● Task to carry out: Transcribe only the part of the material below that begins at the line containing "Personalized Kids Sweatshirt" and ends at the line containing "George Harrison Original", with both kept and images left out.

● Extracted records:
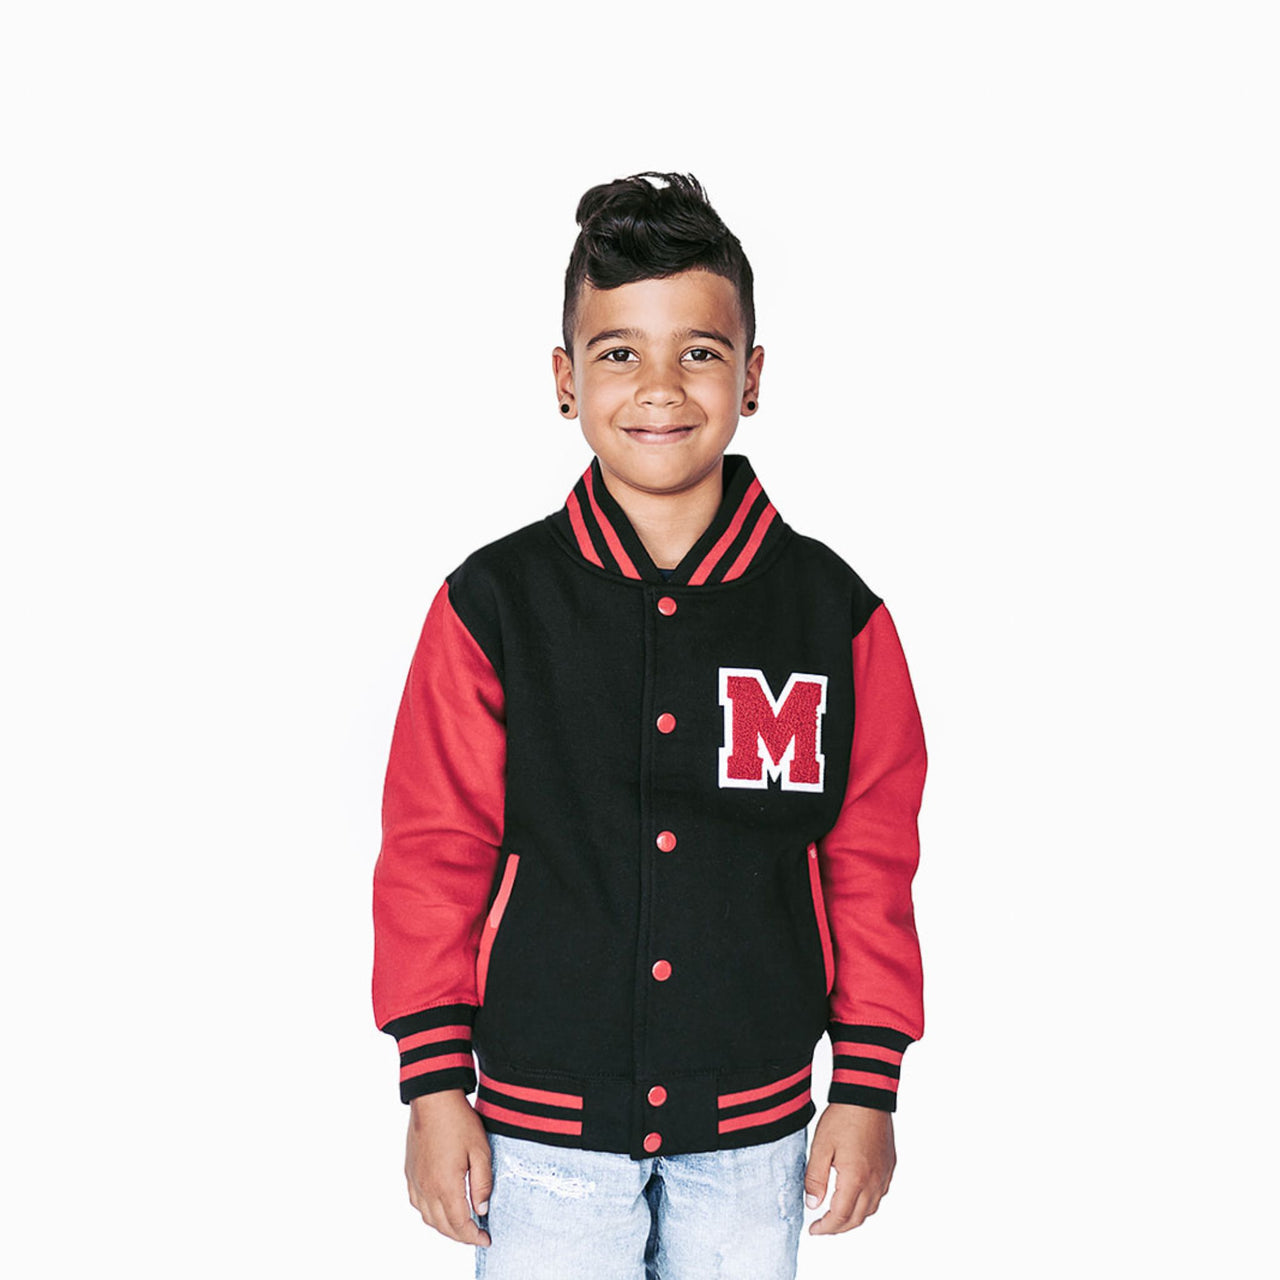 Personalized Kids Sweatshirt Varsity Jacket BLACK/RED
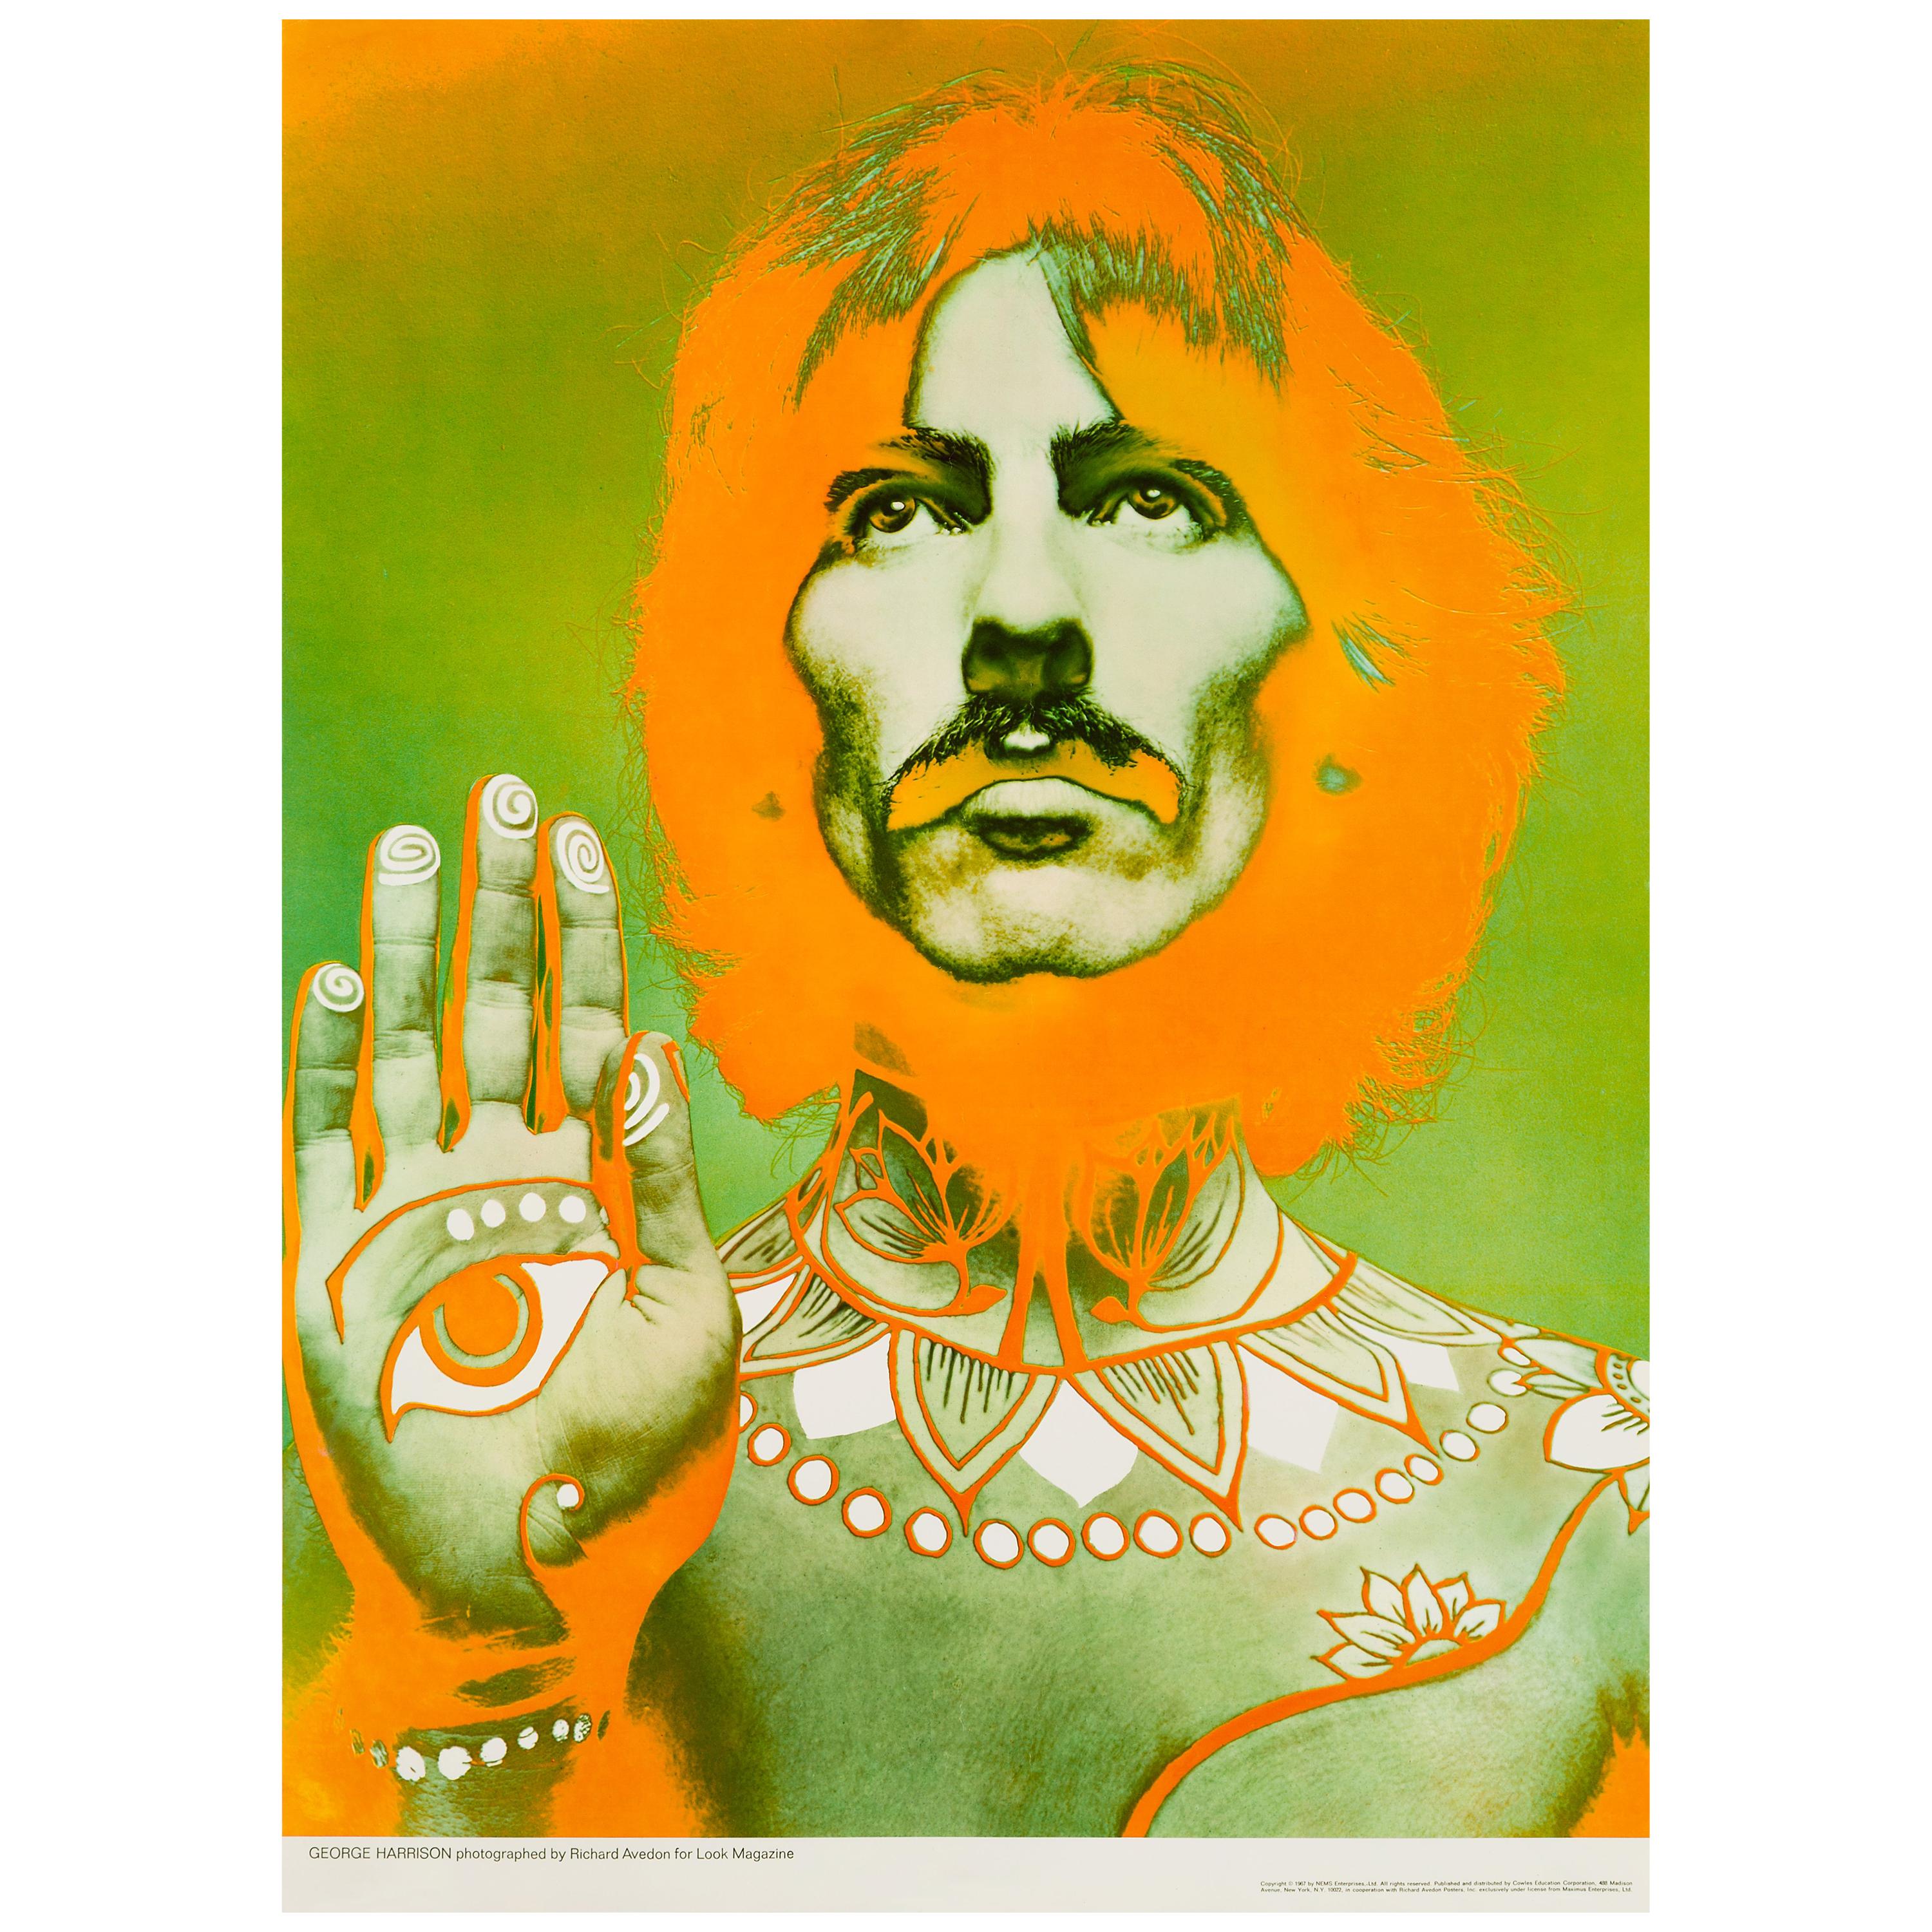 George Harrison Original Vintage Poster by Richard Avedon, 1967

---

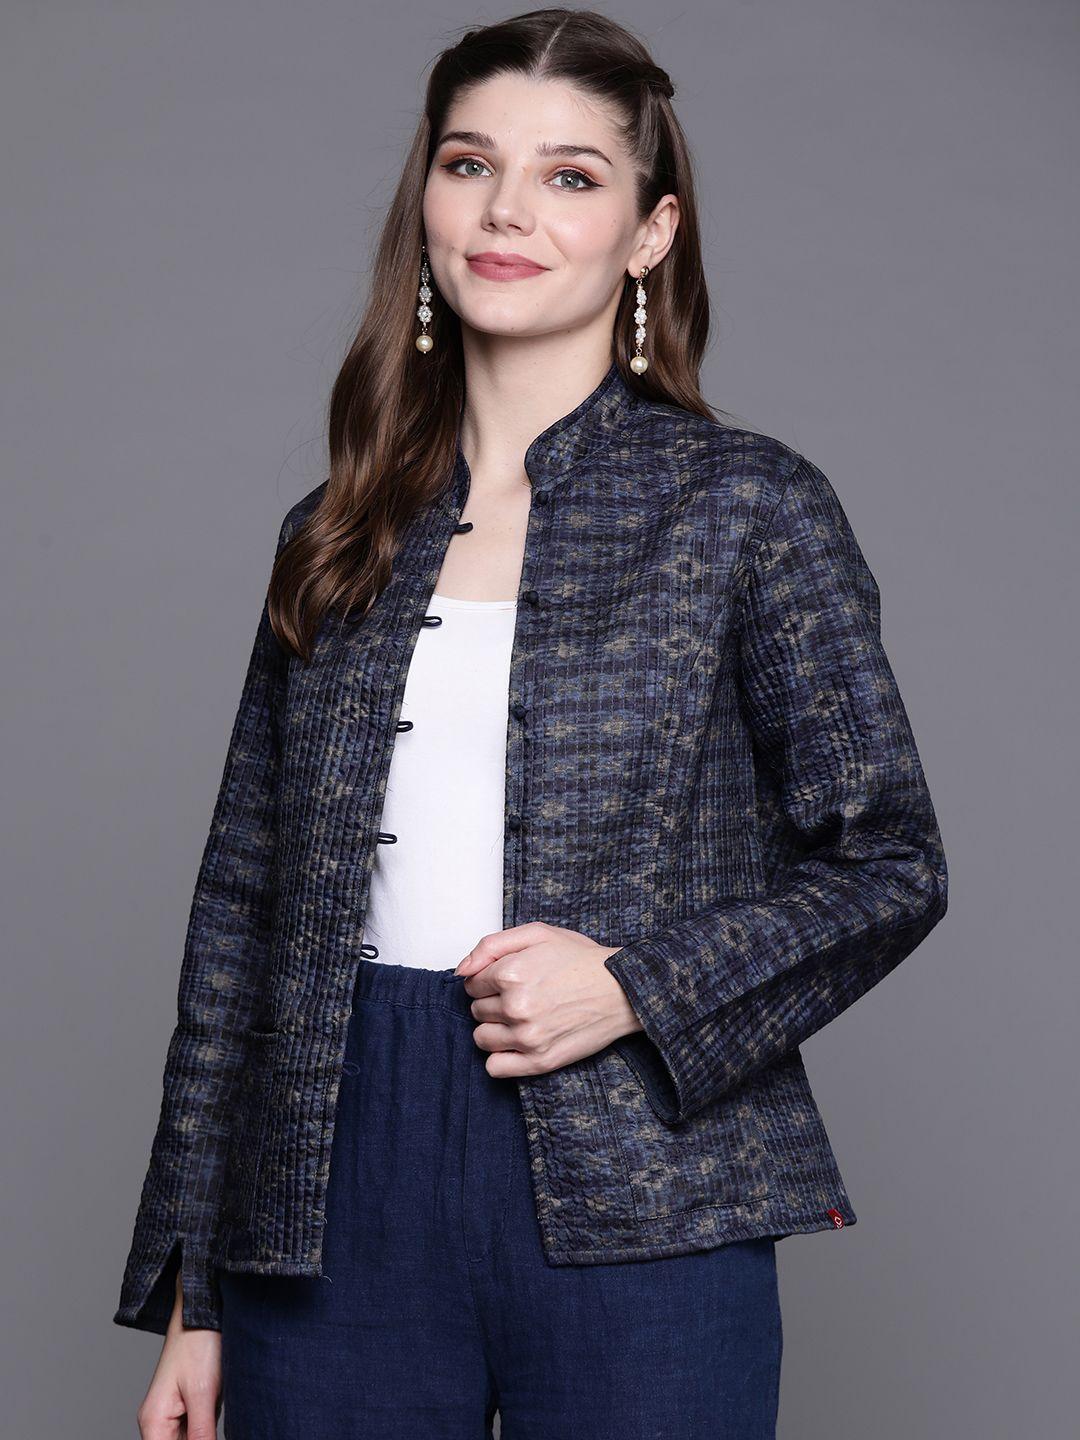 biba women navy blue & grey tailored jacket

---

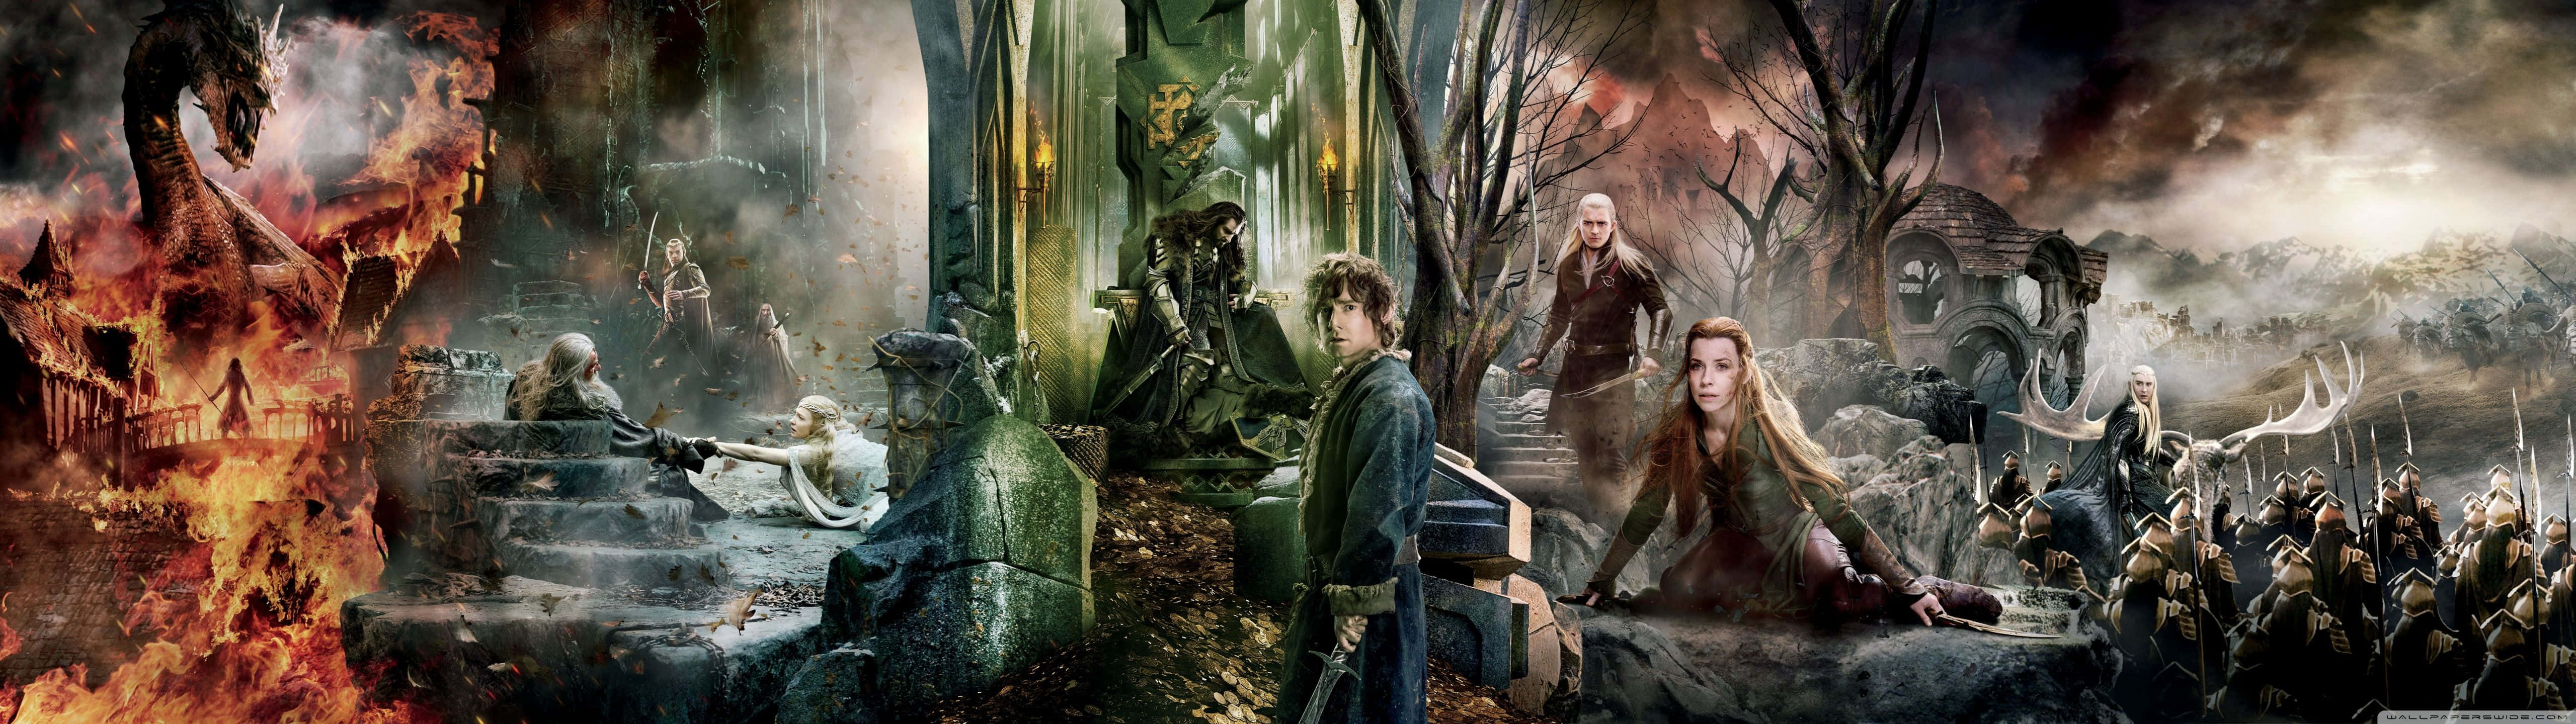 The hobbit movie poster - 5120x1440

● Answer box:
 Personalized Kids Sweatshirt Varsity Jacket BLACK/RED
 George Harrison Original Vintage Poster by Richard Avedon, 1967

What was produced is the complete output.